Valilerin bile hiçbir gerekçe göstermeden 15-20 gün hatta aylarca toplantı ve gösteriyi yasaklayabildiği günümüzde bu maddenin bir anlamı var mı? Sanatçıların konseri bile hiçbir gerekçe göstermeden yasaklanabiliyor.

Anayasa ve kanunlar, tabii ki önemlidir. Ancak çok daha önemli olan Anayasa ve kanunları uygulayacak olan zihniyettir.

Dünyanın en ileri Anayasası ve kanunlarını kabul etseniz bile uygulayacak zihniyet yoksa hiçbir anlam ifade etmiyor.

Anayasadan önce zihniyetin değişmesi lazım.

****

Gerçek adalet

 Hz. Ömer’in (RA) atadığı valilerden biri, Cuma hutbesi esnasında Hz. Ömer’i (RA) öyle över ki, bir sahabe dayanamaz; kalkar valiye müdahale edip, onu susturmaya çalışır…

Namazdan sonra durum Halife Hz. Ömer’e (RA) iletilir. Halifenin emriyle valiye karşı gelen adam yakalanıp bir suçlu gibi götürülür.

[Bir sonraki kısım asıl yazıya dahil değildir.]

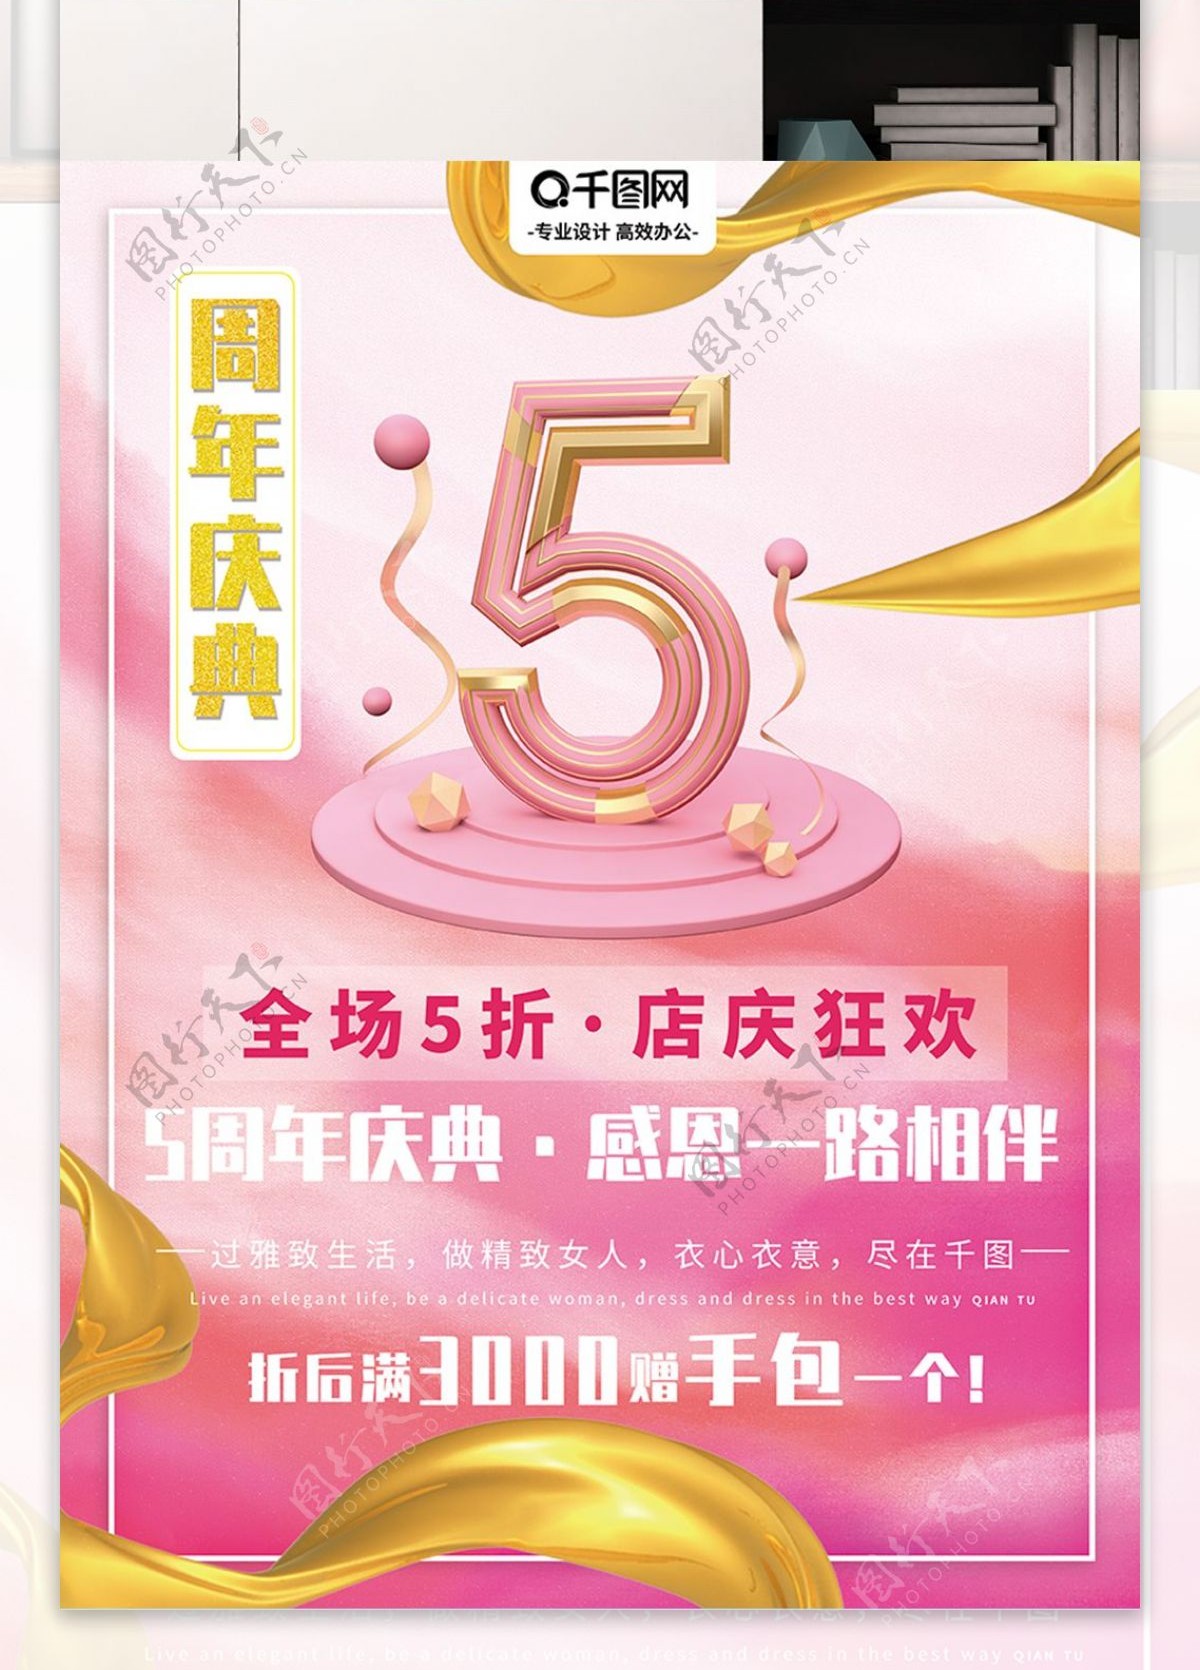 海报5周年店庆庆典5折优惠促销女人粉色

Suçlu kabul edilen sahabe, Hz. Ömer’in (RA) huzuruna girince selam verir. Hz. Ömer (RA), hiddetinden selama mukabelede bulunmaz. Onu azarlar. Bunun üzerine sahabe şöyle der:

- Ya Ömer! Ben bir suç işlediysem, sen iki suç işledin.

Hiddeti birden kaybolan Hz. Ömer (RA) sorar:

- Nedir benim o iki suçum?

- Allah’ın selamını verdim de çok hiddetlendiğin için mukabelede bulunmadın. Vacibi terk ettin. Bu bir. Suçluyu dinlemeden tek taraflı hüküm verdin. Bu da iki…

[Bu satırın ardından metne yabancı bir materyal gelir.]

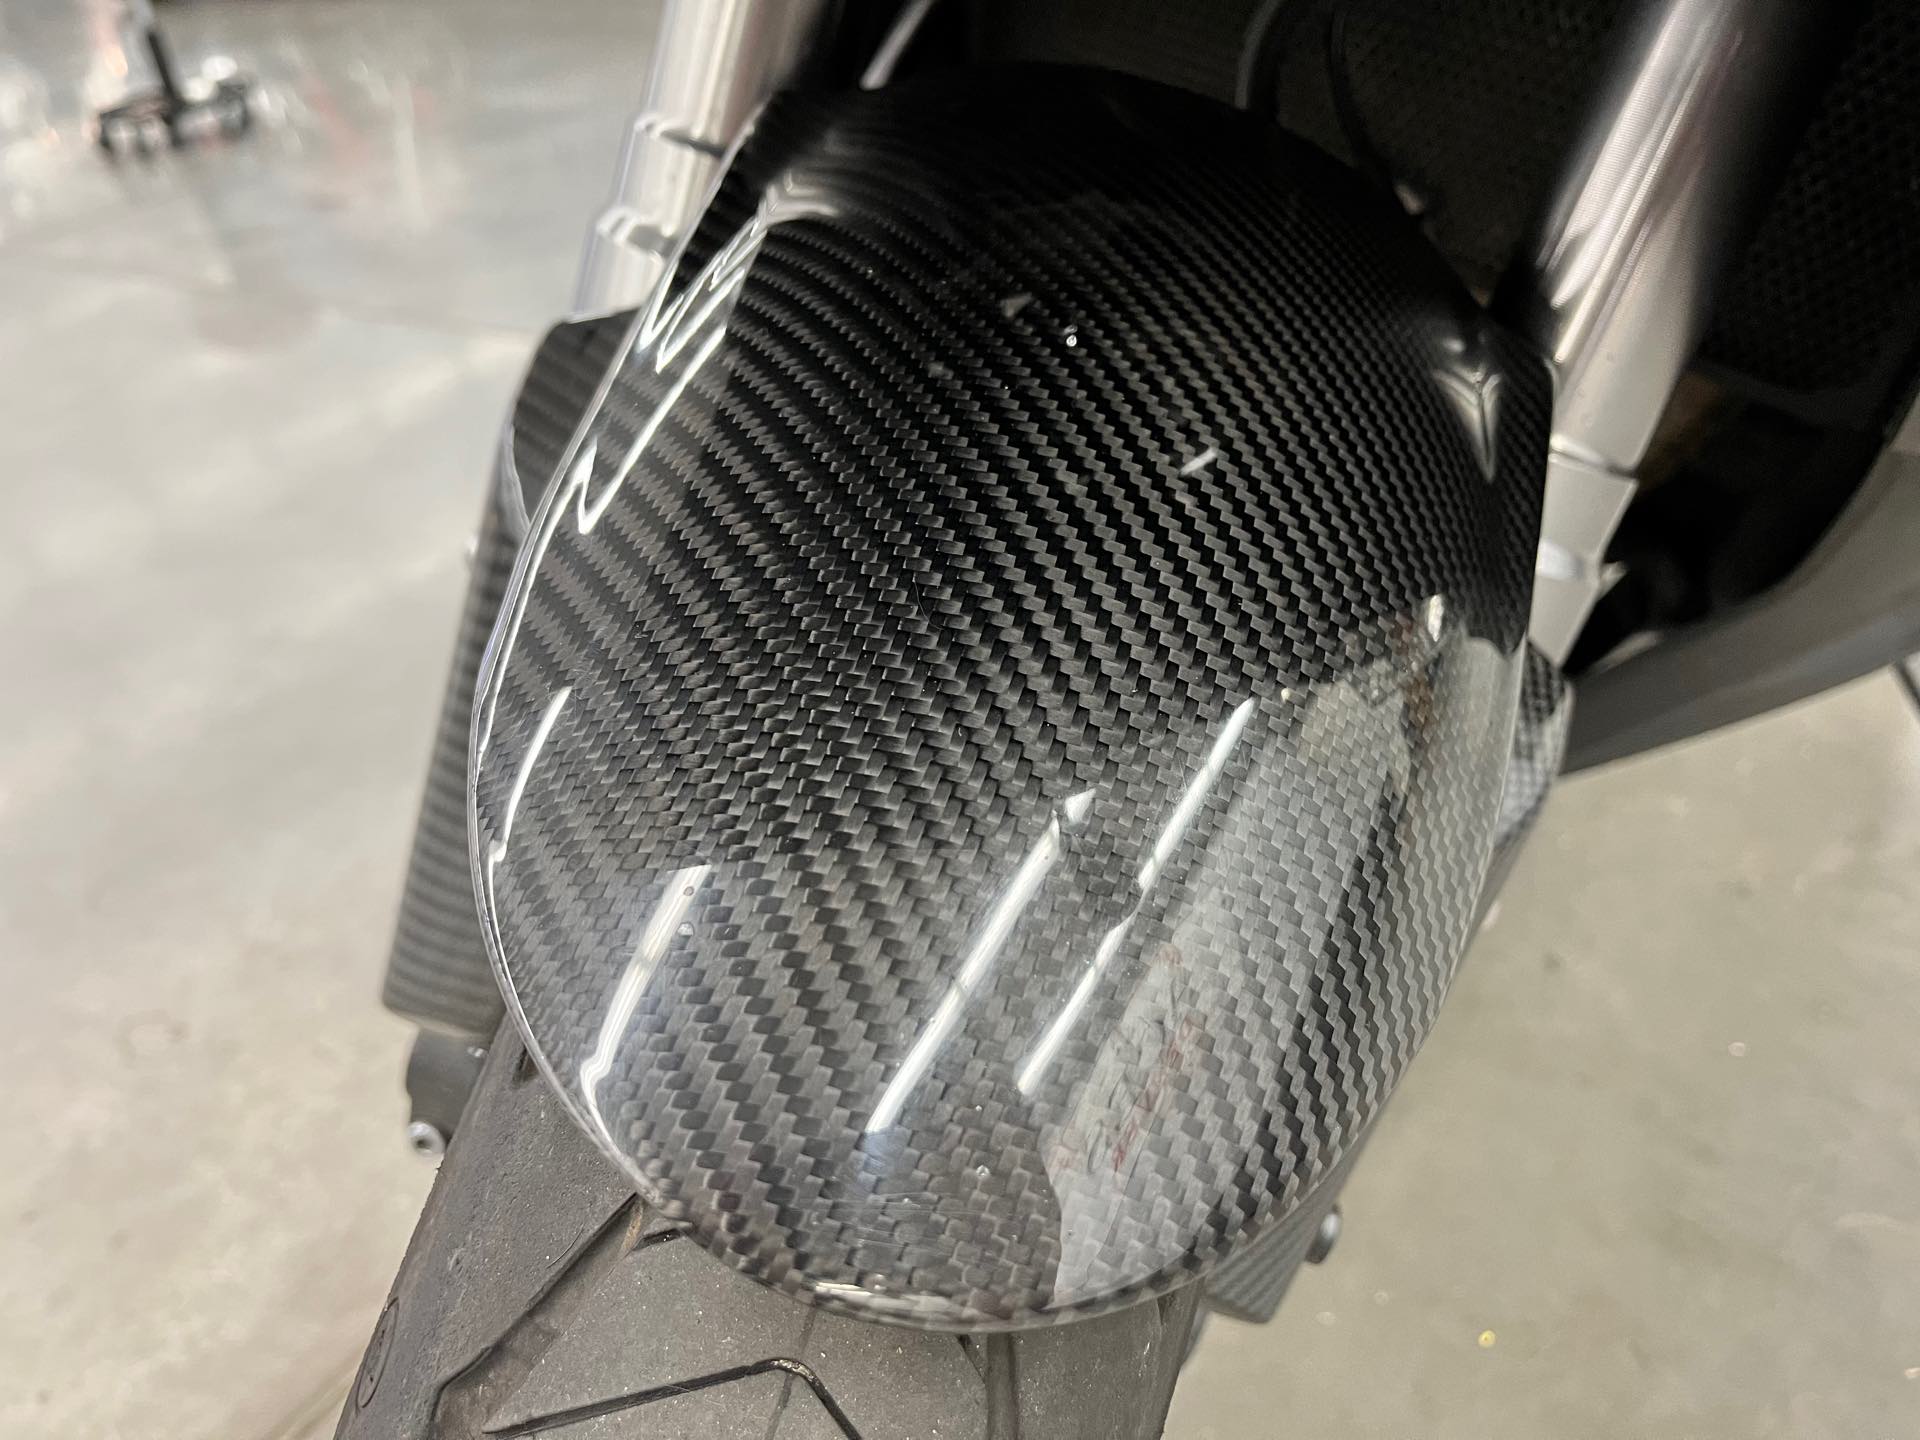 2017 Kawasaki Ninja 1000 ABS at Aces Motorcycles - Denver

Hatasını anlayan Hz. Ömer (RA), olayı anlatmasını isteyince sahabe şöyle der:

- Tayin ettiğin vali, hutbede seni öyle övdü, öyle övdü ki bu söz, cemaatin üzerinde sanki fazilet yönünden senin Hz. Ebubekir’den (RA) daha üstün olduğun izlenimini bıraktı. İşte bu yanlış düşünceyi zihinlerden silmek için müdahale ettim. Halbuki sen fazilet yönünden Hz. Ebubekir’in (RA) yarısı kadarsın…

Hz. Ömer (RA) sorar:

- Neden?

- Hz. Peygamberimizin (SAV) “Orduya yardım ediniz” emri karşısında sen servetinin yarısını getirmiştin. Hz. Ebubekir (RA) ise servetinin tamamını getirmiş ve ashabın gözlerini yaşartmıştı…

Bunun üzerine Hz. Ömer (RA) o sahabeden özür dileyip dua istedi ve serbest bıraktı. Böyle konuşan valiyi ise hemen görevden azletti.

(Alıntıdır) 

***

 TEBESSÜM

Borç

Çok ünlü bir ressamın yolu önemsiz bir hastalık nedeni ile Doktor Temel’in muayenehanesine düşer.

Dr. Temel, ressamdan para almaz. Ressamın ısrarı üzerine küçük bir tablo alabileceğini söyler. Ressam bir süre sonra koca bir tabloyla gelir… Temel:

- Bu değerli bir tablo, kabul edemem.

Ressam alması için ısrar edince Temel bir şartla kabul eder:

- Peki öyleyse, size bir fıtık ameliyatı borcum olsun.

****

 GÜNÜN SÖZÜ

 Hiçbir kin, cahilin bilime duyduğu kinden daha büyük olamaz.